By Theodore Shoebat
After Boko Haram has slaughtered so many thousands of Christians, some Christians have now erupted into a violent rampage against Muslims in Nigeria. According to one report:
The oldest scars were smooth and dark, diagonal stripes across the right side of Ismail Ahmed’s back, beneath an open sore. The fresher wounds were still pink.
Mr. Ahmed had been arrested by the Nigerian army on suspicion of helping Boko Haram, but the tears he shed were for his brother, Umaru. The soldiers had shot him dead, he said.The men had been hiding in the mountains outside Gulak, northeastern Adamawa State, when the army advanced with vigilantes in February to recapture the town from Boko Haram.
“The vigilantes said we should come down and nothing would happen to us,” Mr. Ahmed said. “I went back. I stayed in my house for three weeks. Then the soldiers came and blindfolded me and took me to their base.”
He spent four days in a military prison, where he was flogged, and eight days in a police cell in the state capital Yola, before he was released without charge last week.
His brother, a farmer, had been hiding in another village and had waited longer to come down. His family did not learn that he was dead until a neighbour called last week.
“They said he was trying to get home when he met the soldiers who took him away and killed him,” Mr. Ahmed said.
Nigeria’s armed forces, with help from neighbouring Chad, Niger and Cameroun, have recorded a series of victories in recent months, retaking ground from the insurgents after years of routs and humiliating inertia.
Yet many Muslims who were displaced by the fighting are afraid to go home for fear of harassment from the military or reprisals from their Christian neighbours, who bore the brunt of Boko Haram’s savagery.
Saleh Jibril, who fled to a refugee camp in Yola, said that a friend had found his wife floating in a river with her hands tied behind her back after she tried to hike through the mostly Christian district of Michika, about 20 miles south of their home in Gulak, in March.
Salihi Ateequ, a member of the Adamawa State Muslim Council, said that his sister, Hinidiyatu Tijjani, also went back to Michika soon after it was liberated, to check on their mother who had stayed behind.
“She spent four days in Michika, but as she was coming back she was ambushed,” Mr.
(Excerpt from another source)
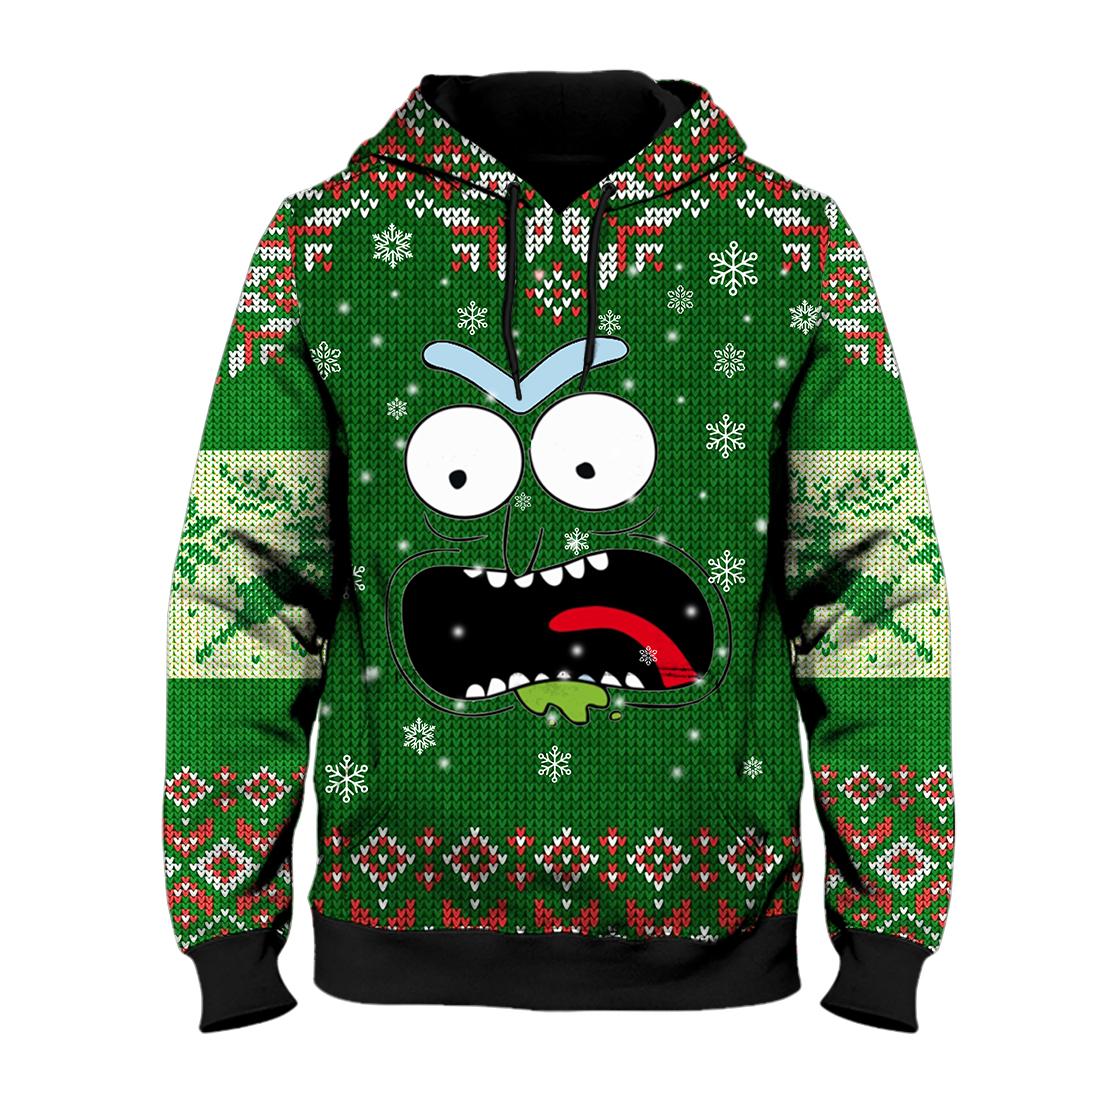 Rick face ugly christmas all over print hoodie - original

Ateequ said.
She was carrying an infant baby on her back. Both were hacked to death with cutlasses.
“The Christians in Michika believe the Muslims invited Boko Haram to come and kill them,” Mr. Ateequ added. “So now it’s vengeance and every Muslim is a target.”
The tensions in Michika predate Boko Haram. The town already had two market days, one on Saturday for Christians and one on Sunday for Muslims. It also had two rival water companies, selling plastic sachets of drinking water. GBM (God Bless Michika) Water was launched in 2012, residents said, because Christians refused to drink, or were unable to buy, the Muslim-owned Kaigama brand.
The road to Michika district was scarred with burnt-out shops and churches when The Times visited last week. School buildings were partially collapsed and the central mosque had been bombed by aircraft during the Nigerian advance.
At least four major bridges had been destroyed and a Boko Haram tank, emblazoned with the insurgents’ black logo, sat where it had been abandoned.
At a church in Bazza, the insurgents decapitated a life-size, fibreglass statue of St. Peter and burnt the parish records office.In Michika, they painted over shop signs and notices, as if the very words were an affront to their mission to prohibit western education. Arabic words were scrawled on the walls and a bank appeared to have been looted.
“The shops are all closed,” said Cosmas Tizhe, a university lecturer. “Even if you have money, there is nothing to buy.”
Most of the people left there were either women or vigilantes. Local officials said that women returned before their husbands because they were less likely to be killed by Boko Haram and less likely to be suspected by the army.
“In the villages, almost all of the houses are burnt,” Peter Salihu Gogura, Michika’s Commissioner for Housing and Urban Development, said. “If the government comes in to rebuild these houses, definitely we can have peace, but if the government doesn’t act, we will have problems.”
Mr. Gogura, who has both Muslim and Christian names, said that the indigenous Christian Higgi tribe had a proud history of coexisting with the migrant Muslim traders, but warned that Boko Haram had strained relations to breaking point.
“When somebody goes home and sees his house has been razed and he has nothing to eat and nowhere to lay his head, it’s not easy,” he said. “My fear is that as human beings, if you go home to nothing, and you know the people who caused this, you may not see eye to eye with them.”
For Umaru’s widows, the decision not to go back was easy. “There is nothing for us to go back to,” said Hawa, 39. But Mr Ahmed said he had no choice.
“I have to get back to prepare the fields,” he said. “All we can do is pray to God to join our minds.”
As I have said before, the violence caused by Boko Haram is escalating so badly that the intensification just could erupt into a civil war between Christians and Muslims in the region.